Set down all of the data exactly. Pictures stay out of the copy.

> DATA BELOW
---
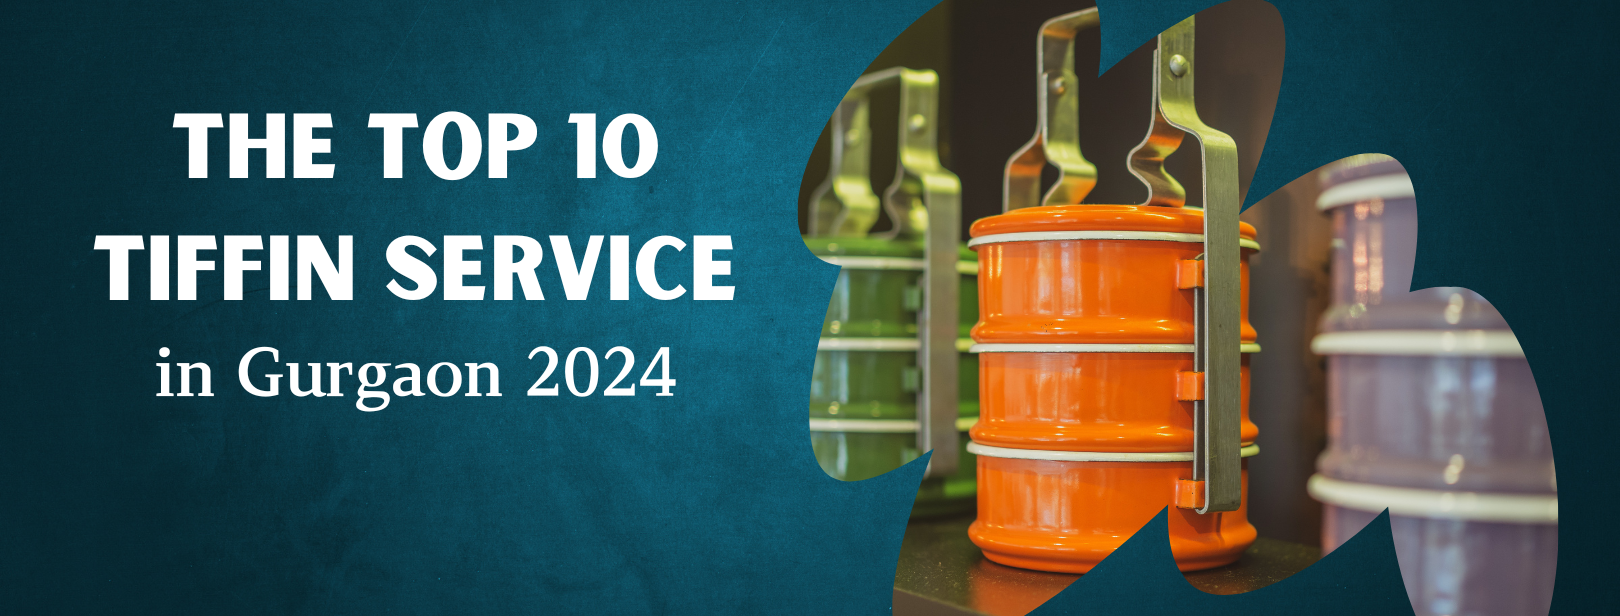 The Top 10 Tiffin Services in Gurgaon in  2024
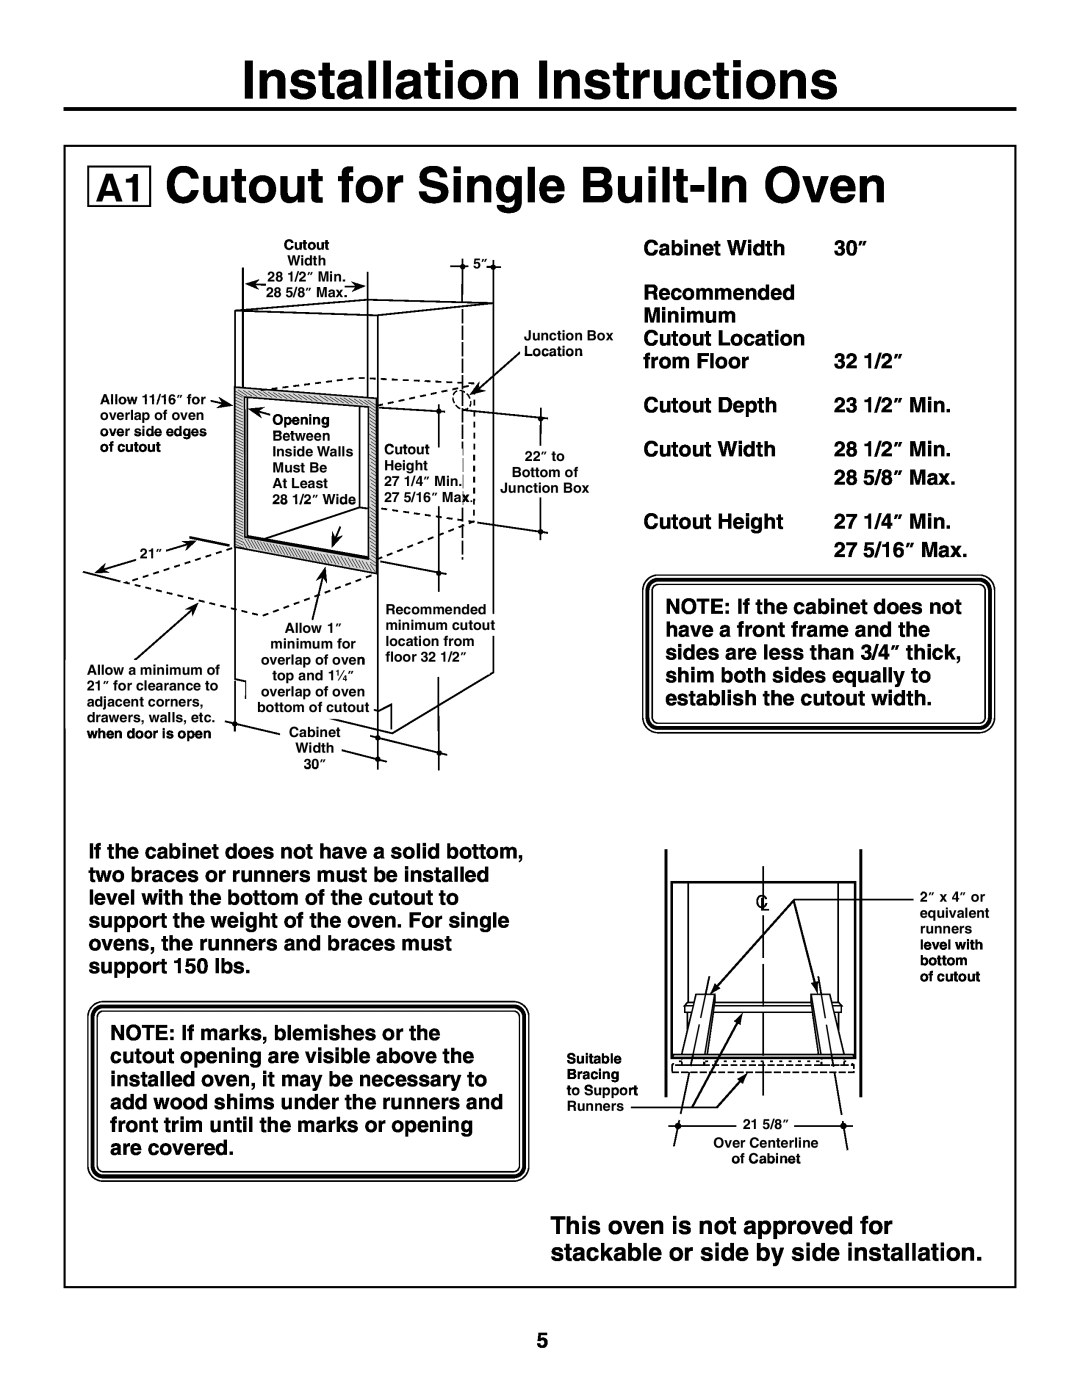 GE JTP20 installation instructions Cutout for Single Built-In Oven, Installation Instructions 
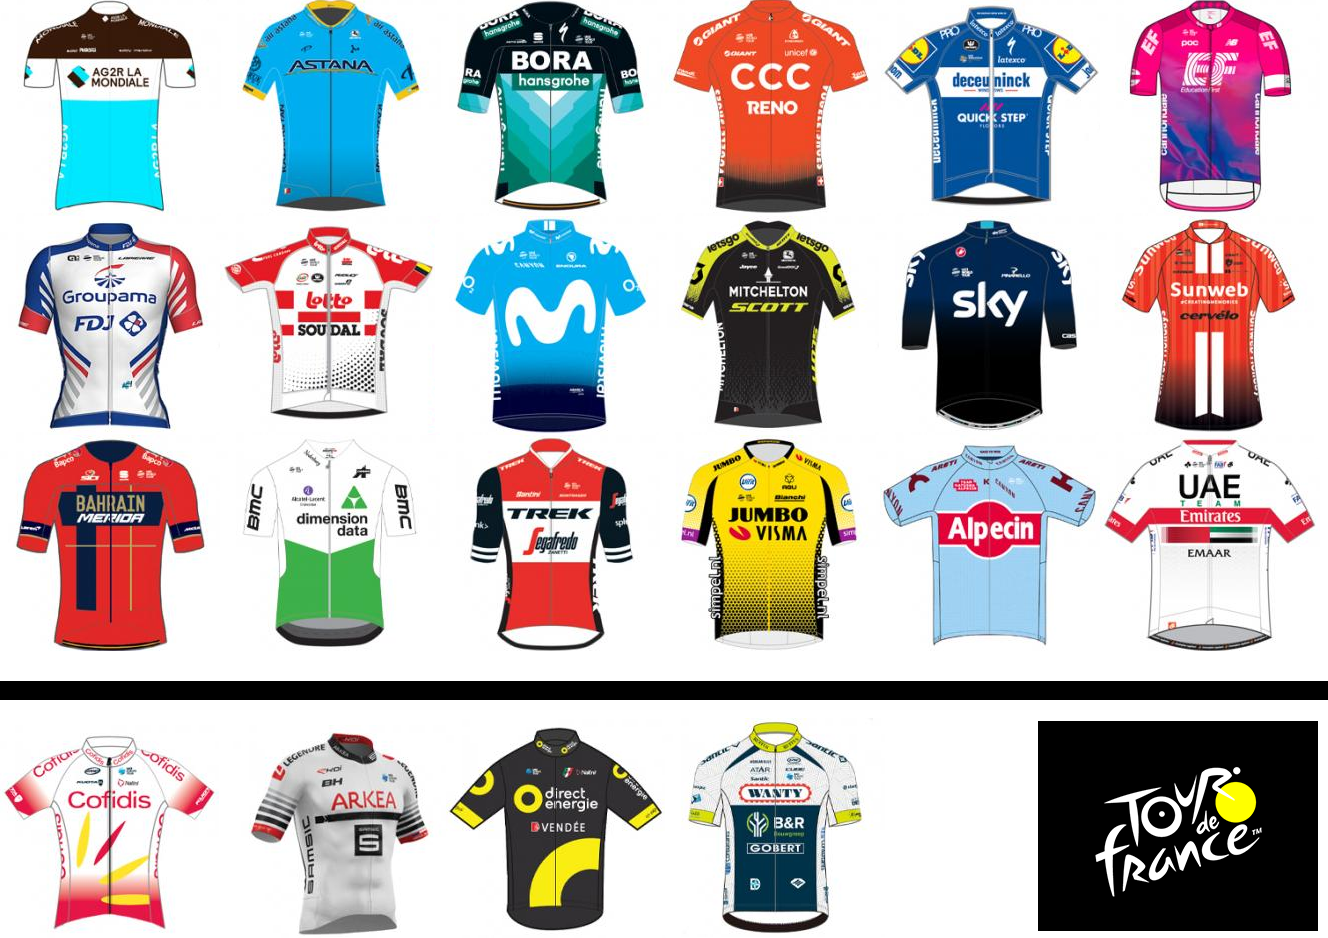 ventilator fravær grinende The last wildcards have been announced, here are the teams which will  participate in the Tour de France 2019 :: Blog :: velowire.com :: (photos,  videos + actualités cyclisme)
---
> TASK RESPONSE
 The Top 10 Tiffin Services in Gurgaon in  2024
 GE JTP20 installation instructions Cutout for Single Built-In Oven, Installation Instructions 
 ventilator fravær grinende The last wildcards have been announced, here are the teams which will  participate in the Tour de France 2019 :: Blog :: velowire.com :: (photos,  videos + actualités cyclisme)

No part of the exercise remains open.